TRAVELLERS International Hotel Group Inc. (TIHGI), the gambling arm of businessman Andrew Tan, on Friday said it will spend up to P10 billion this year, mainly for the construction of the third phase of the expansion of Resorts World Manila in Pasay City.
“The combined costs for Phase 2 and Phase 3 [of the expansion of Resorts World Manila] is around $400 million to $450 million. So, the P8 billion to P10 billion capital expenditure [capex] will be for the completion of Phase 2 and mainly for the construction of Phase 3,” Kingson Sian, company president and CEO told reporters after the firm’s stockholders’ meeting on Friday.
TIHGI is a joint venture of Tan’s Alliance Global Group Inc. and Malaysia’s Genting.
The third phase of development will house three hotels, more casino facilities and retail stores, Sian said.
The second phase will be completed in September and the bulk of the P8 billion to P10 billion capex will be utilized for the construction of Hilton and Sheraton hotels, as well as Maxims Hotel’s new wing, which will have 357, 391 and 191 rooms, respectively.
The third phase will have 14,000 square meters of gaming facility, and 3,200 sq m of retail stores.
Meanwhile, the second phase, which has no gaming facility, will have 228 new hotel rooms for Mariott Hotel Manila’s west wing plus additional entertainment areas in Remington Hotel.
“The ongoing expansion will increase existing inventory of hotel rooms from the current 1,700 rooms to 2,645 rooms.
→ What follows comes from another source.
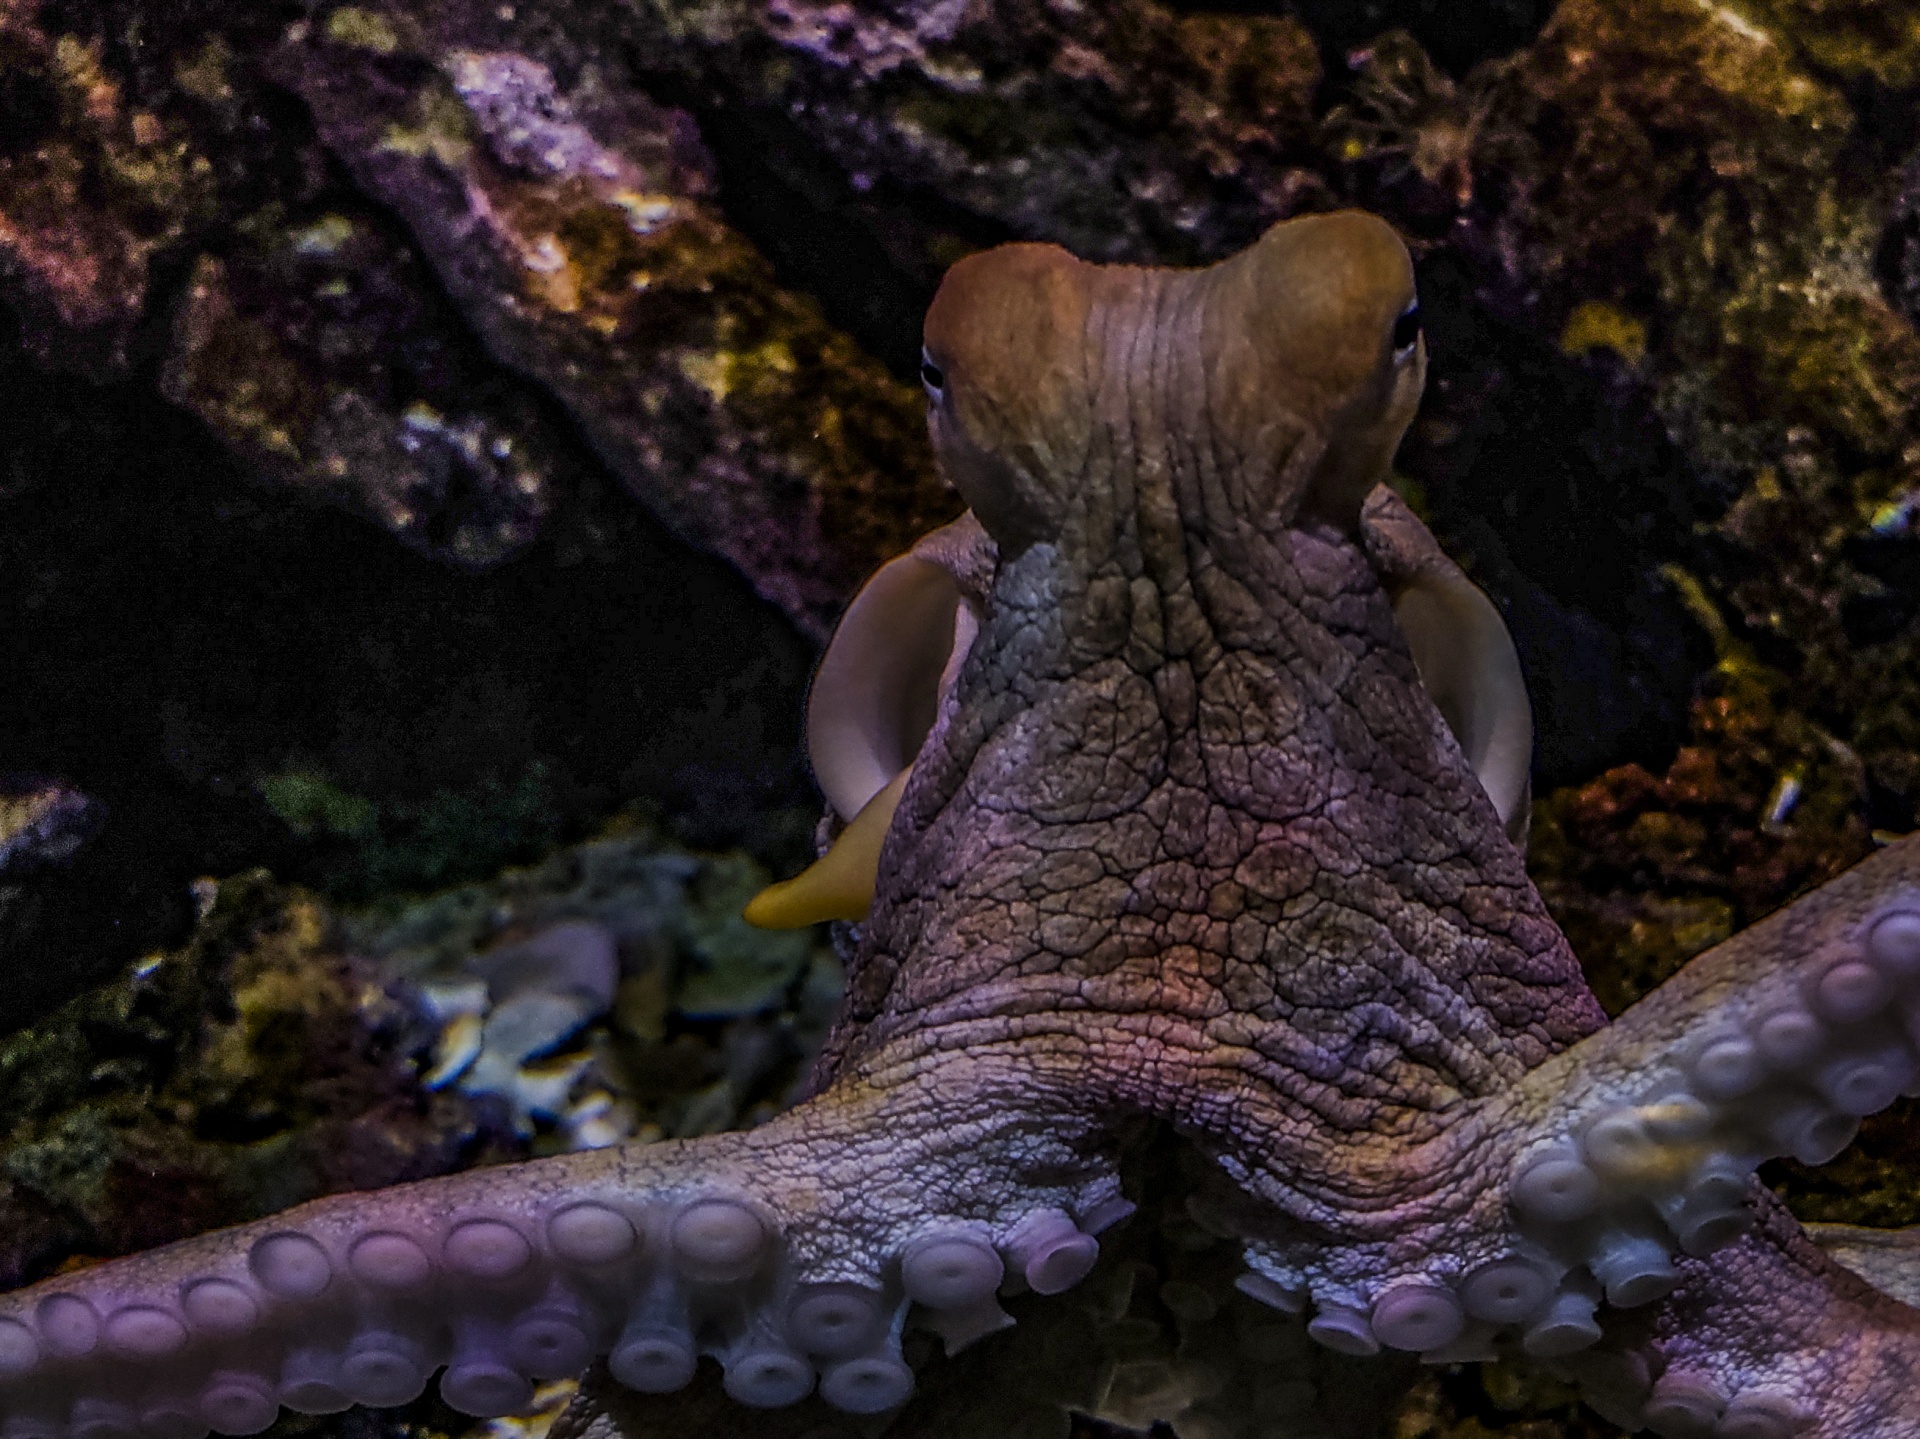 Octopus Looking At Camera
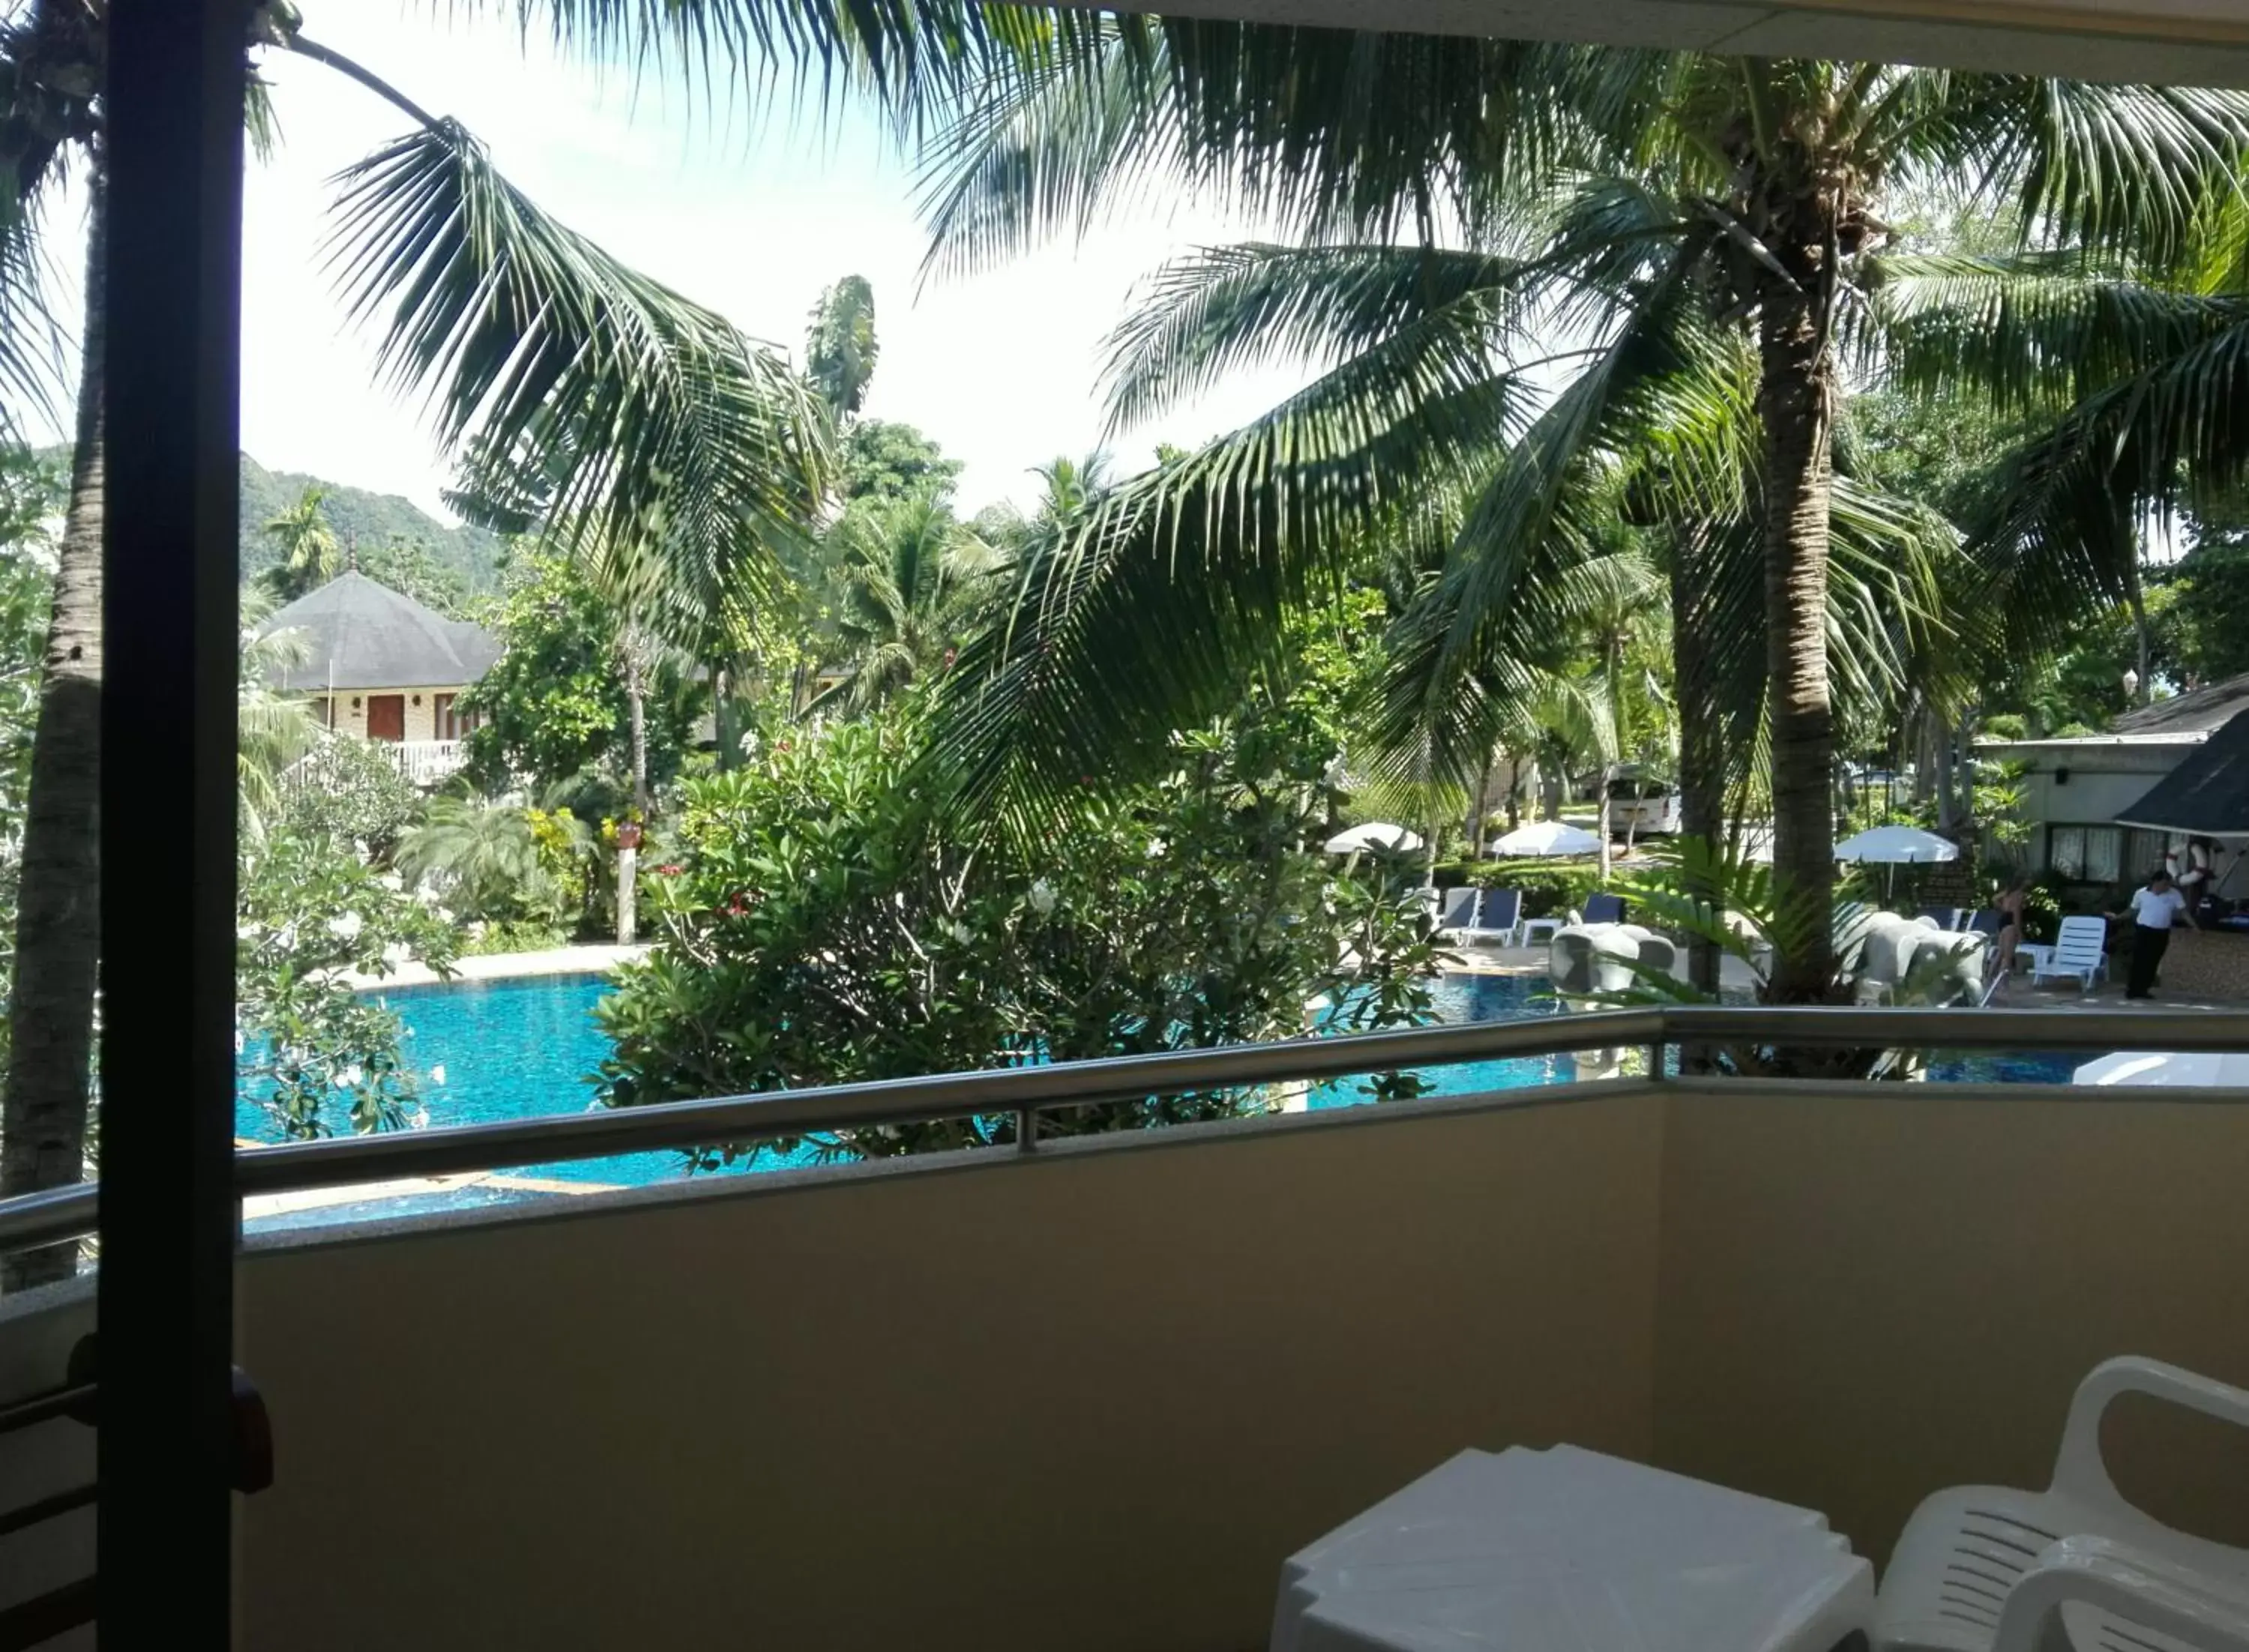 Pool View in Golden Beach Resort

Together with over 18,000 sq m of retail space, a theater, the country’s largest ballroom and multiple entertainment venues, we are on course to becoming one of the premier integrated entertainment and tourism destinations in Asia,” Sian added.
The third phase of expansion, meanwhile, will be open in different stages, starting end of next year through 2018.
“At present, the nongaming business merely accounts for 10 percent to 15 percent of our revenues, and that gaming remains our strongest revenue driver. But, hopefully, we want to increase the nongaming’s contributions up to 30 percent of our total revenues,” Sian said.
Last year gaming revenues amounted to P24.2 billion as against its nongaming revenue of P3.5 billion.
“With the oversupply situation [of gaming facilities] now, obviously, it will take time for the market to absorb it. The amount of supply comes in in such a short period of time. But having said that, our view of the future is very bright; otherwise, we will not be investing,” Sian added.
“We are hoping that we will be exempt from the liquor and smoking ban in our casinos,” he said, adding that the fourth phase of Resorts World Manila’s development will no longer have a casino facility. The construction of that phase will start in 2018 at the earliest.